#### Instructions to follow:
Retype the material that follows exactly, limited to the lines from the one with "Historical building and" through the one with "A hose swivel connector for CPAP masks", and keep out all pictures.

#### Material supplied:
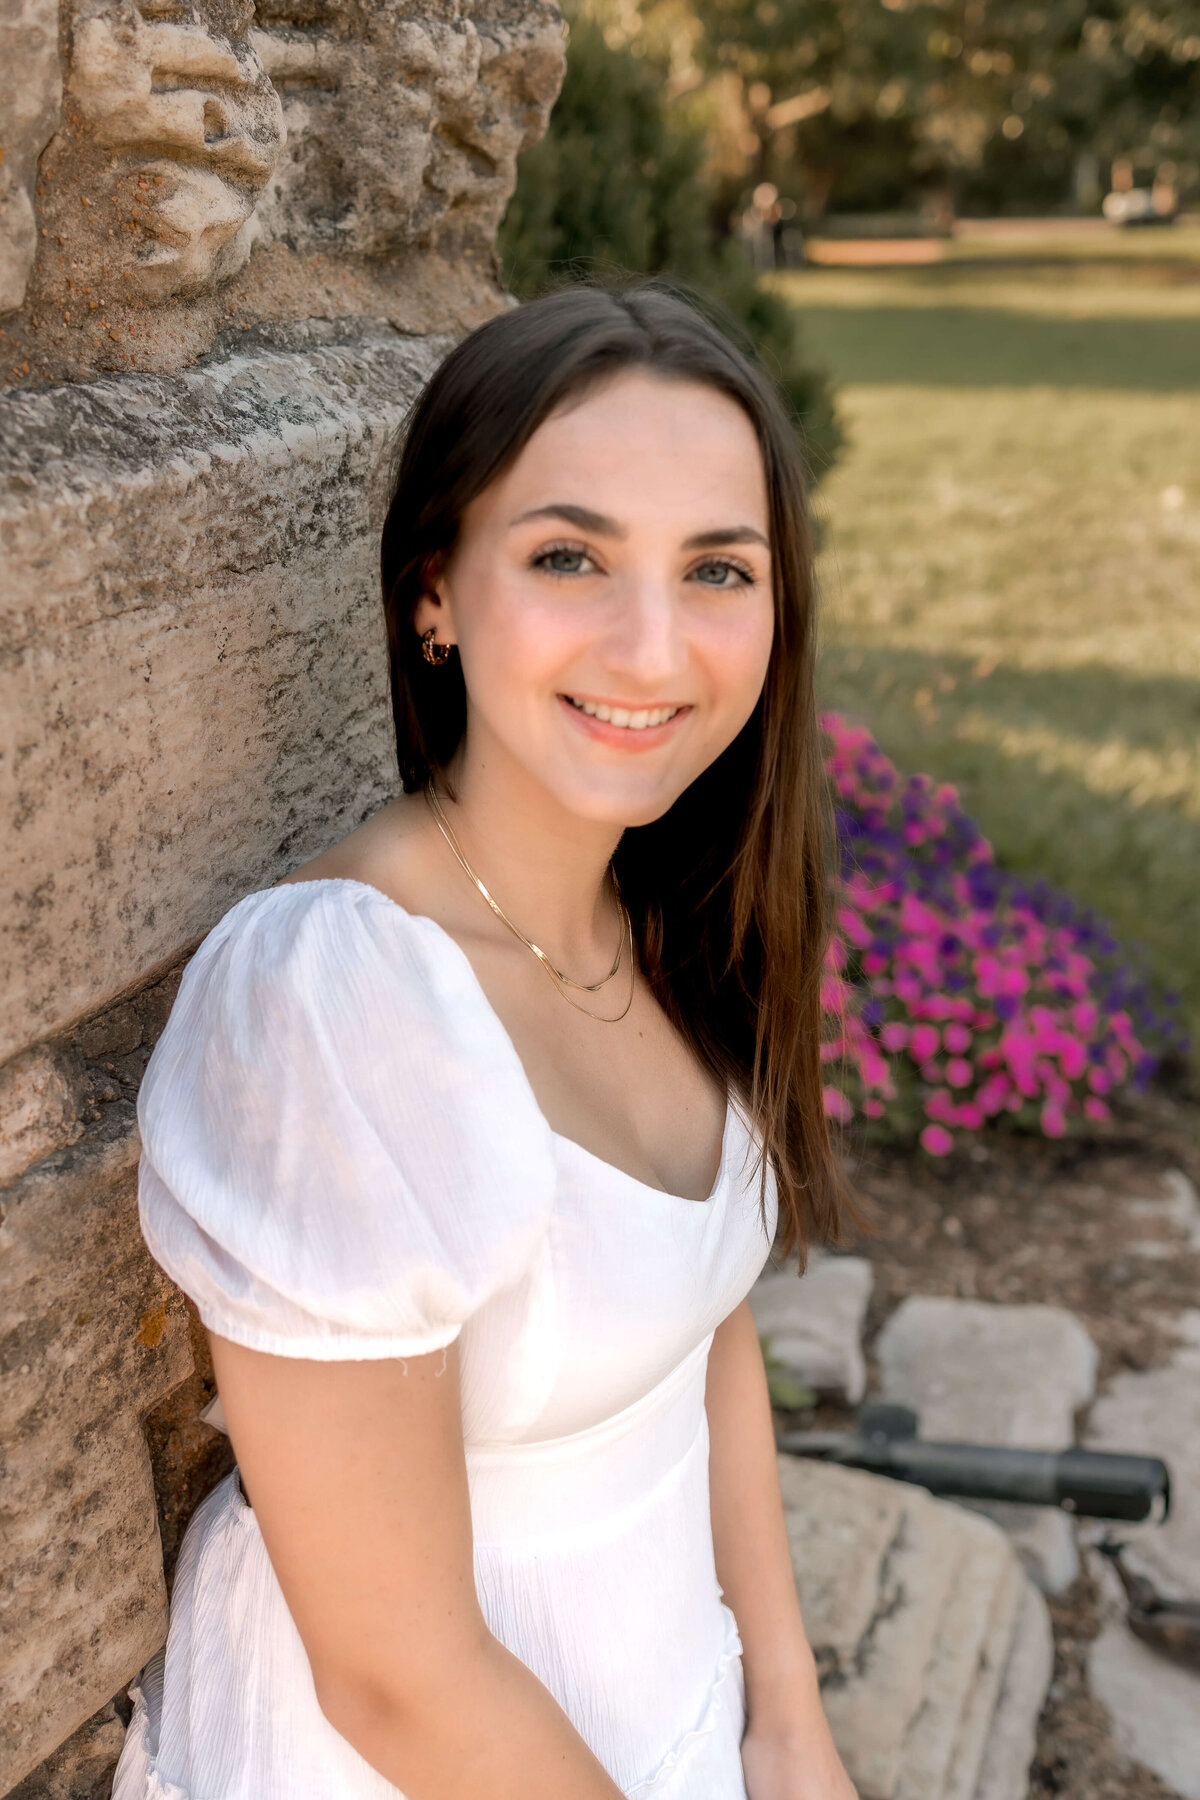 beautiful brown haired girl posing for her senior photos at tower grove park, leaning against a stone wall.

* * *

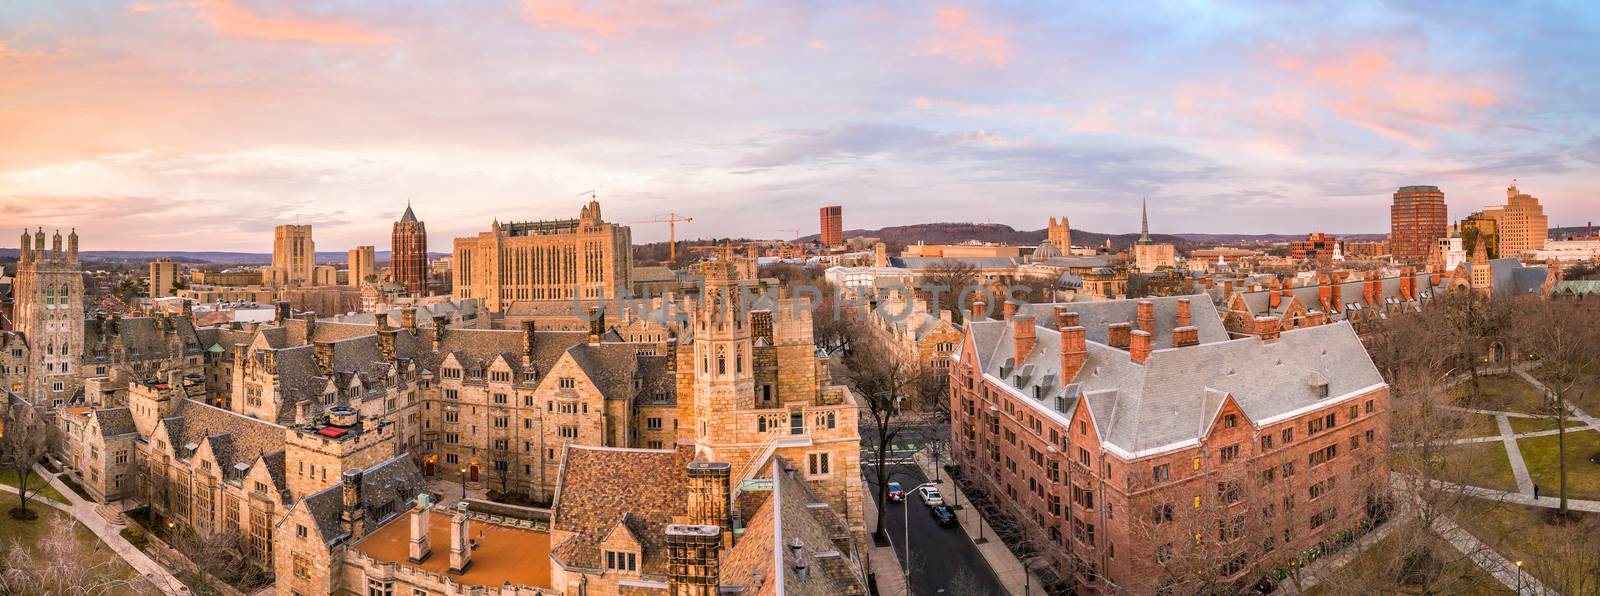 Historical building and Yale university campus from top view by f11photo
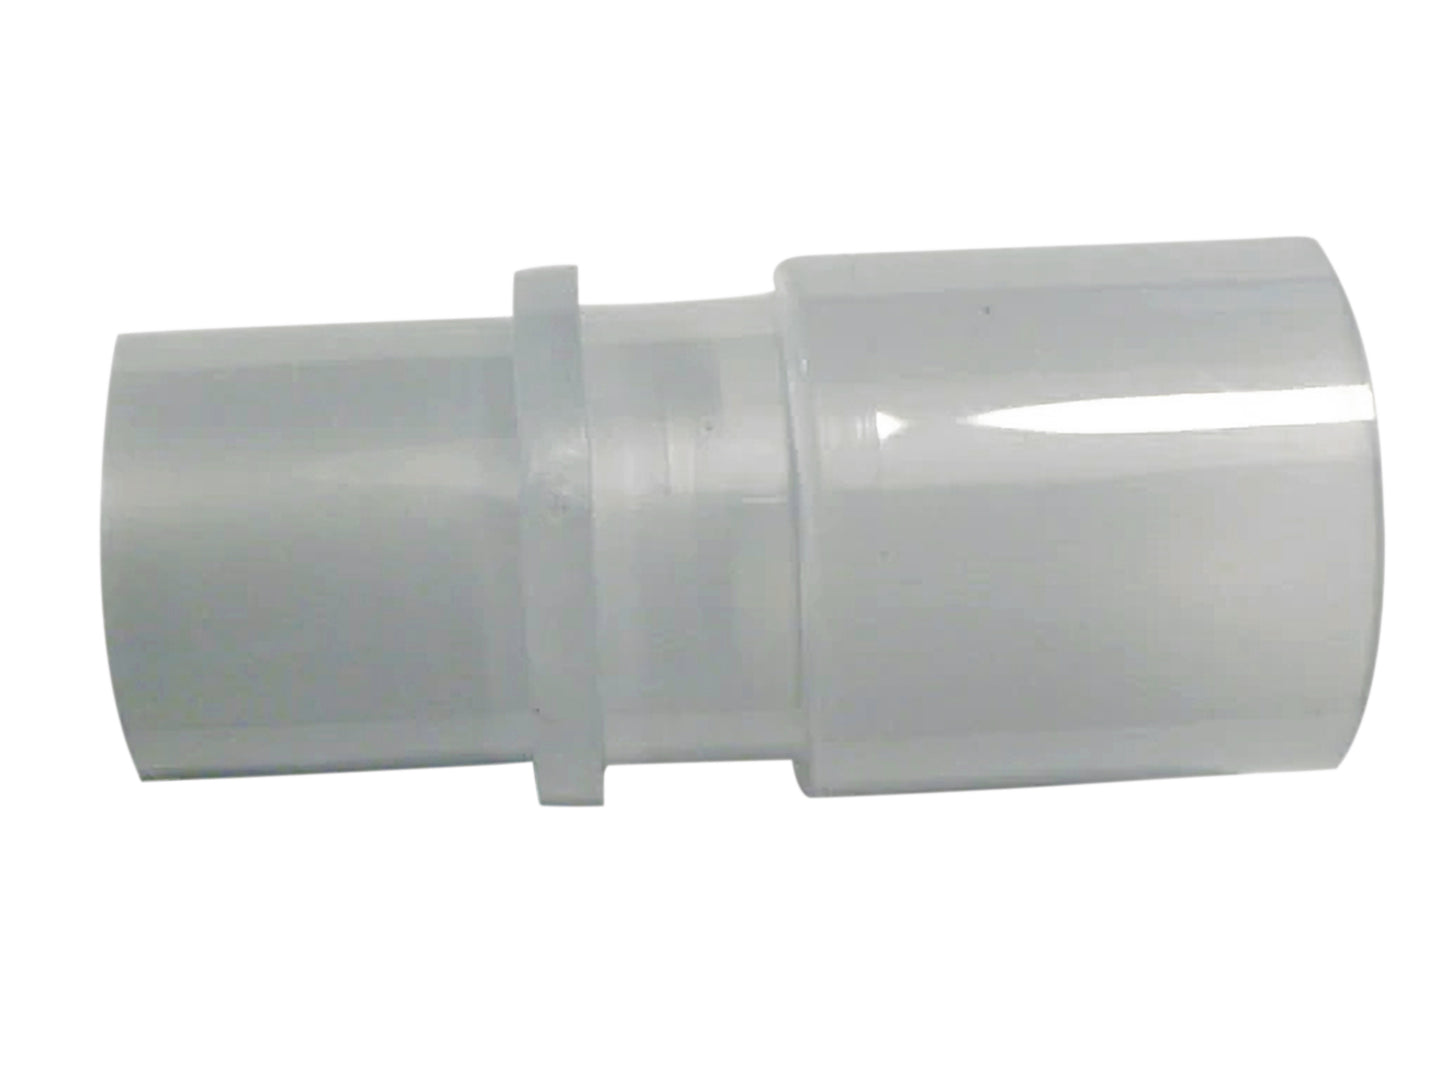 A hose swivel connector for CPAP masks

...

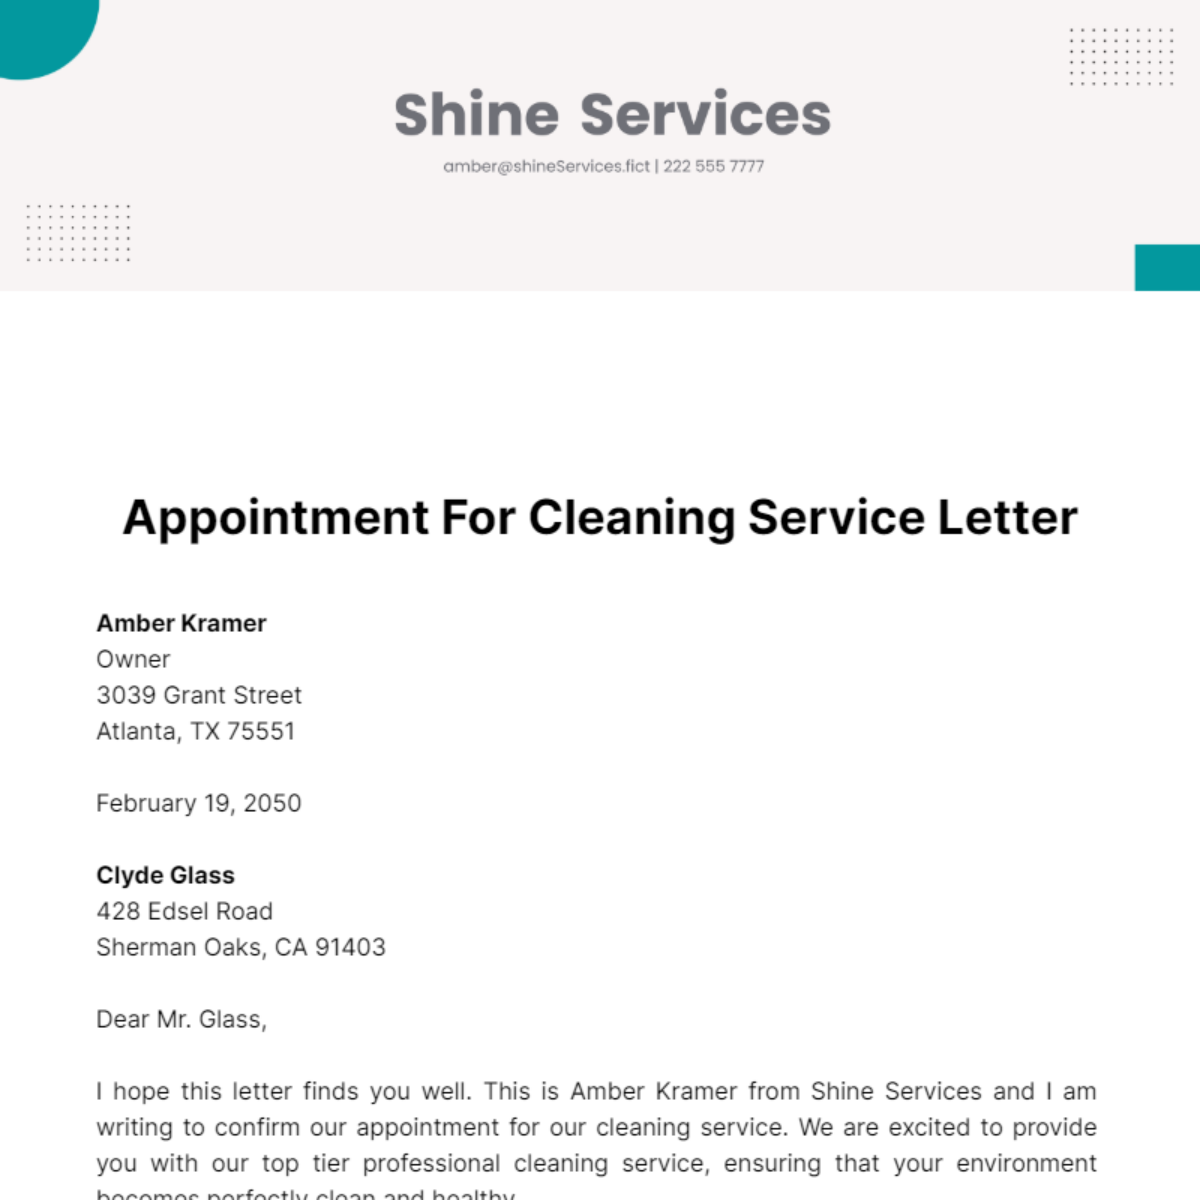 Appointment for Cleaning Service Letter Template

#### Solution to the problem:
 Historical building and Yale university campus from top view by f11photo
 A hose swivel connector for CPAP masks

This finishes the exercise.